I stopped dead in my tracks, struck dumb by this odd conflagration of crazy… and I had grown up in New York, the capital of crazy shit. The man noticed my confusion and asked, “Water?”
“Um… no thank you,” I stammered, “I only have three more flights to climb. I’ll be alright.”
He shook his head vigorously, “No no no. Do you have any water for me?” He stretched out his hand, palm up, as if expecting me to magically BAMF! in a cup of water that very second.

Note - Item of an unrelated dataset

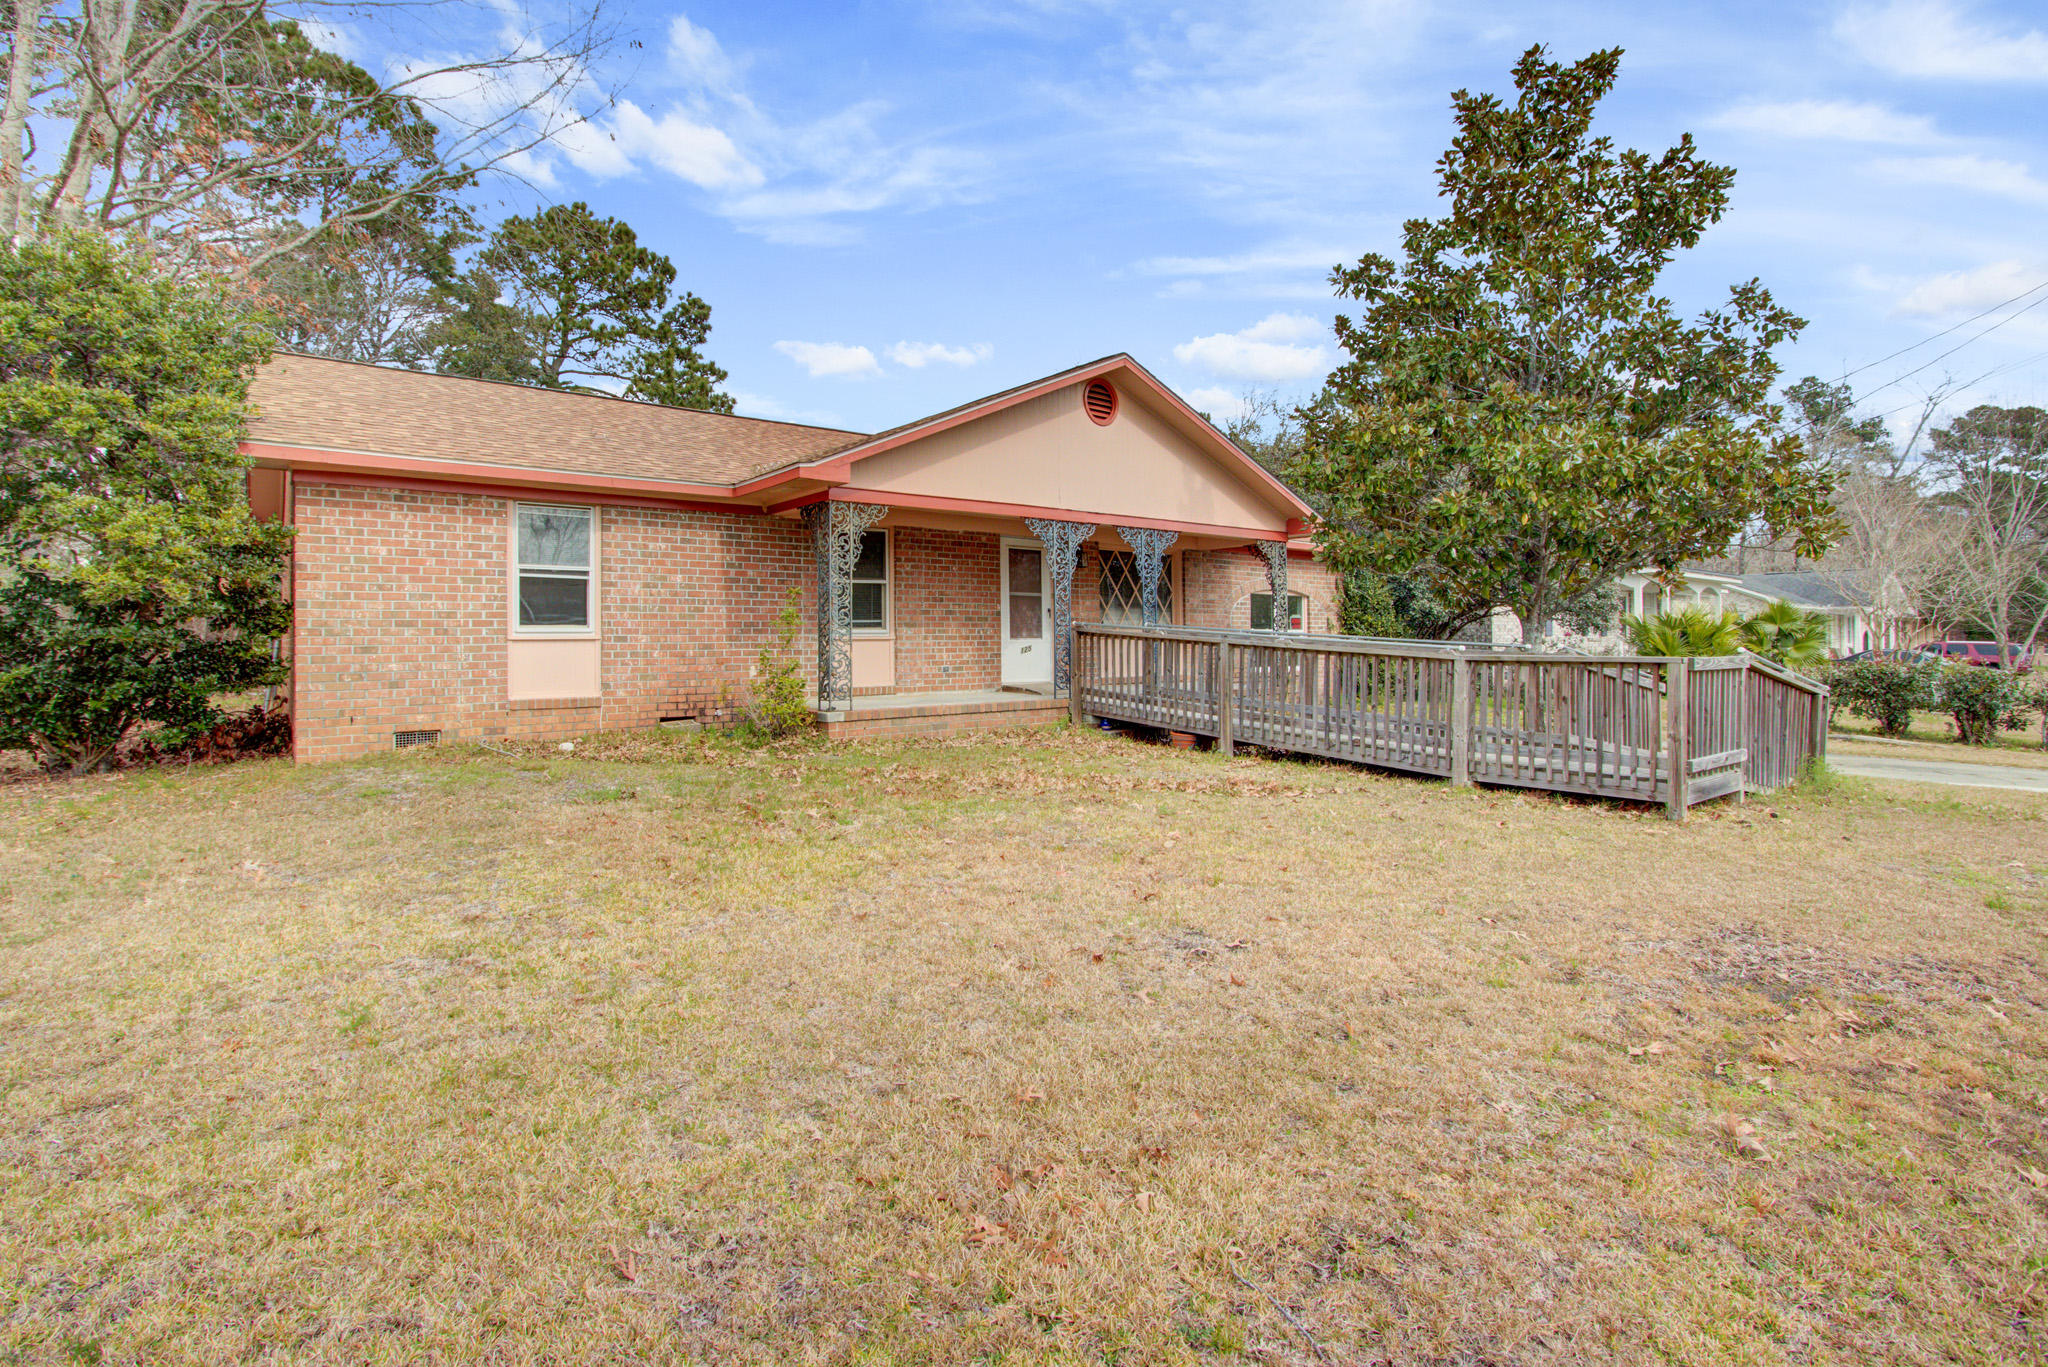 Bushy Park Terrace Homes For Sale - 125 Azalea, Goose Creek, SC - 22

Unless he was crazy enough to think I was keeping a bottle of water hidden up my skirt.
“Again, sorry. I don’t typically carry water to work. I usually take the elevator, you see.”
Mr. Odd nodded abruptly and rummaged around in his backpack for a few seconds before pulling out a worn spiral notebook covered in doodles and stickers. Before I could decipher what exactly the doodles were of, he flipped it open and asked, “Would you like to hear something peculiar? You’re the seventh person I’ve said the word ‘water’ to and all seven of you thought I was offering some instead of asking for it.”

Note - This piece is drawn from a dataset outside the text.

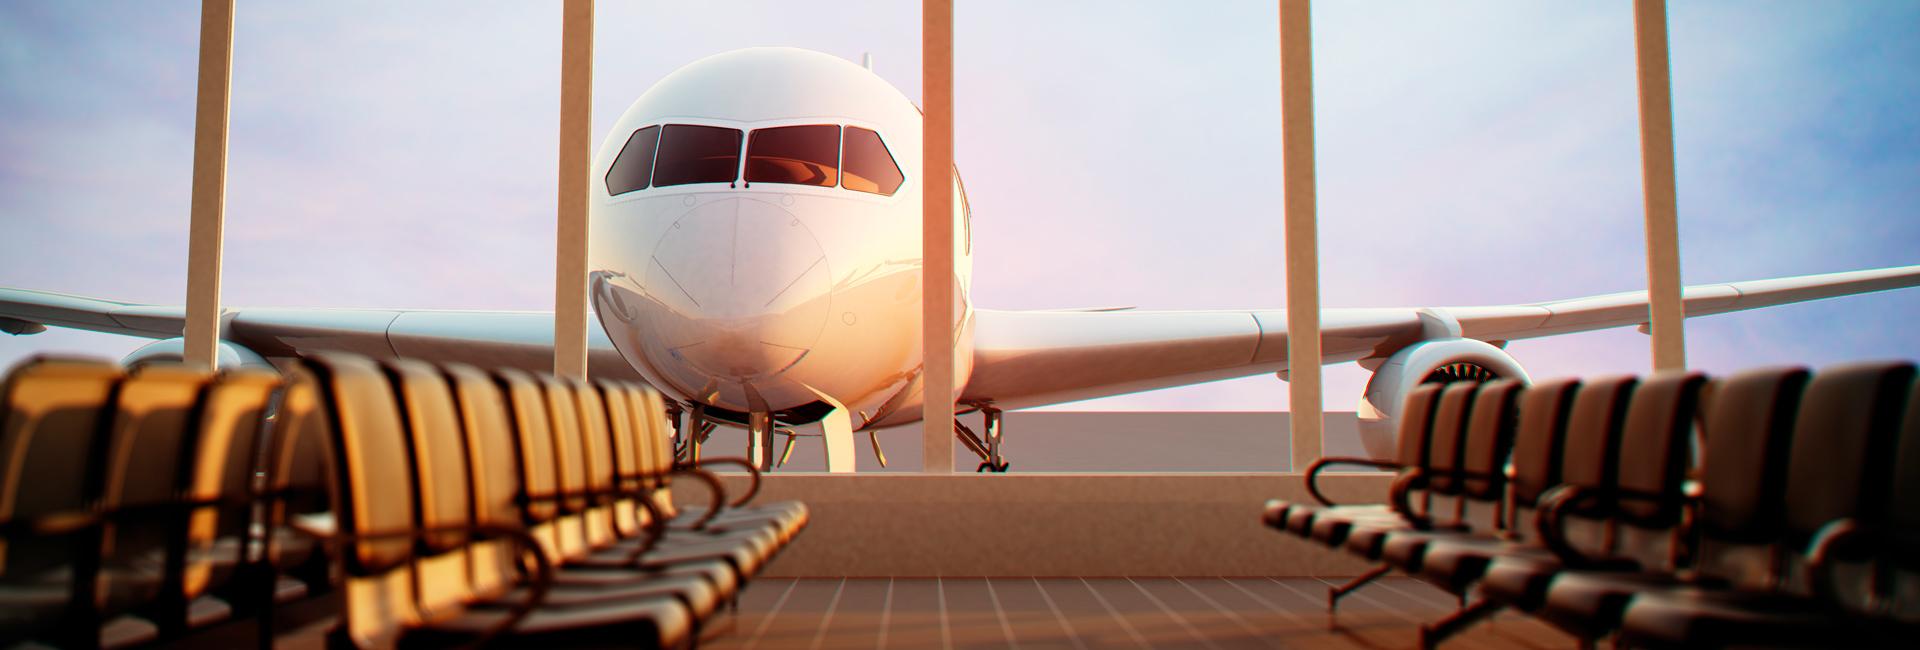 Puerto vallarta airport expansion

“That is … uh… interesting, Mr… um…” I barely kept myself from calling him “Mr. Odd” out loud. No need for him to know I’d given him a nickname.
“My name is unimportant.”
“If you say so, uh, sir,” and I started to ease my way towards the next set of stairs, irrationally afraid that if I stuck around any longer I’d catch some of the weirdo-germs floating in the air.
“But wait, it gets even better!” Mr. Odd flipped back a few pages and continued, “I’ve said the word ‘change’ to eleven people and they all thought I was asking for some change instead of offering it. What do you make of that, young lady?”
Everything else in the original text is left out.